_What the exercise asks_
Among the entries below, take the line with "Catalogue Bim Lot" and the line with "5 car insurance ads", and output them and every line between them exactly, with nothing else.

_Supplied information_
.....

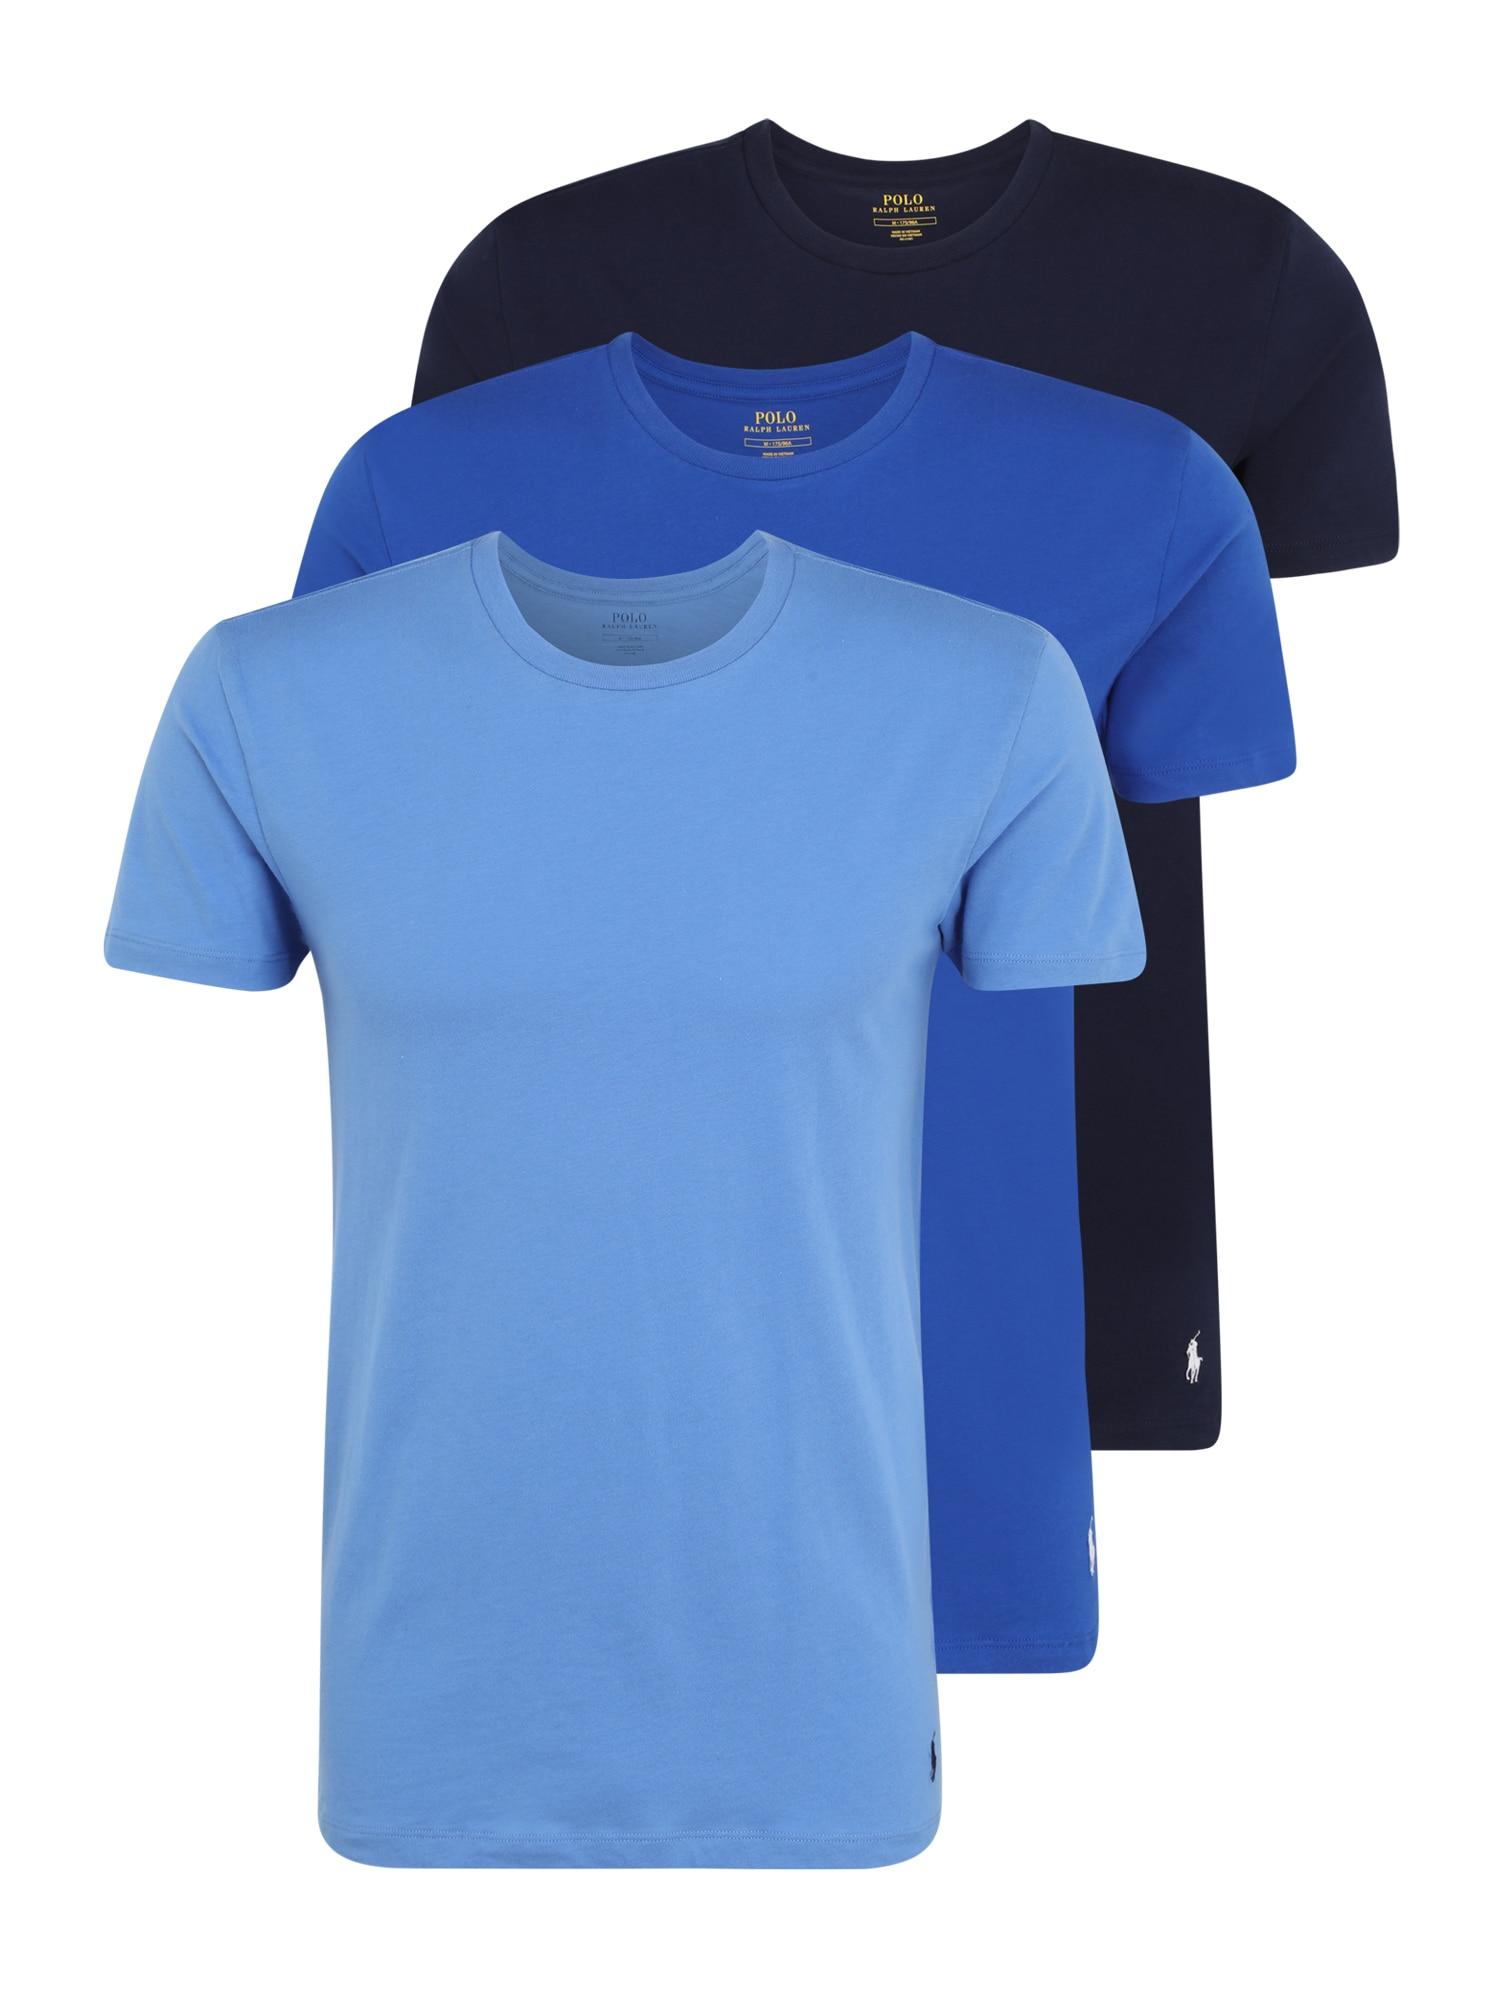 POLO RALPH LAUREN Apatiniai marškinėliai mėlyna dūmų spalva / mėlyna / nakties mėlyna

.....

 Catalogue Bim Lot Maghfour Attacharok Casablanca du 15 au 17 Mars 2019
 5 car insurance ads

.....

_Task output_
 Catalogue Bim Lot Maghfour Attacharok Casablanca du 15 au 17 Mars 2019
 5 car insurance ads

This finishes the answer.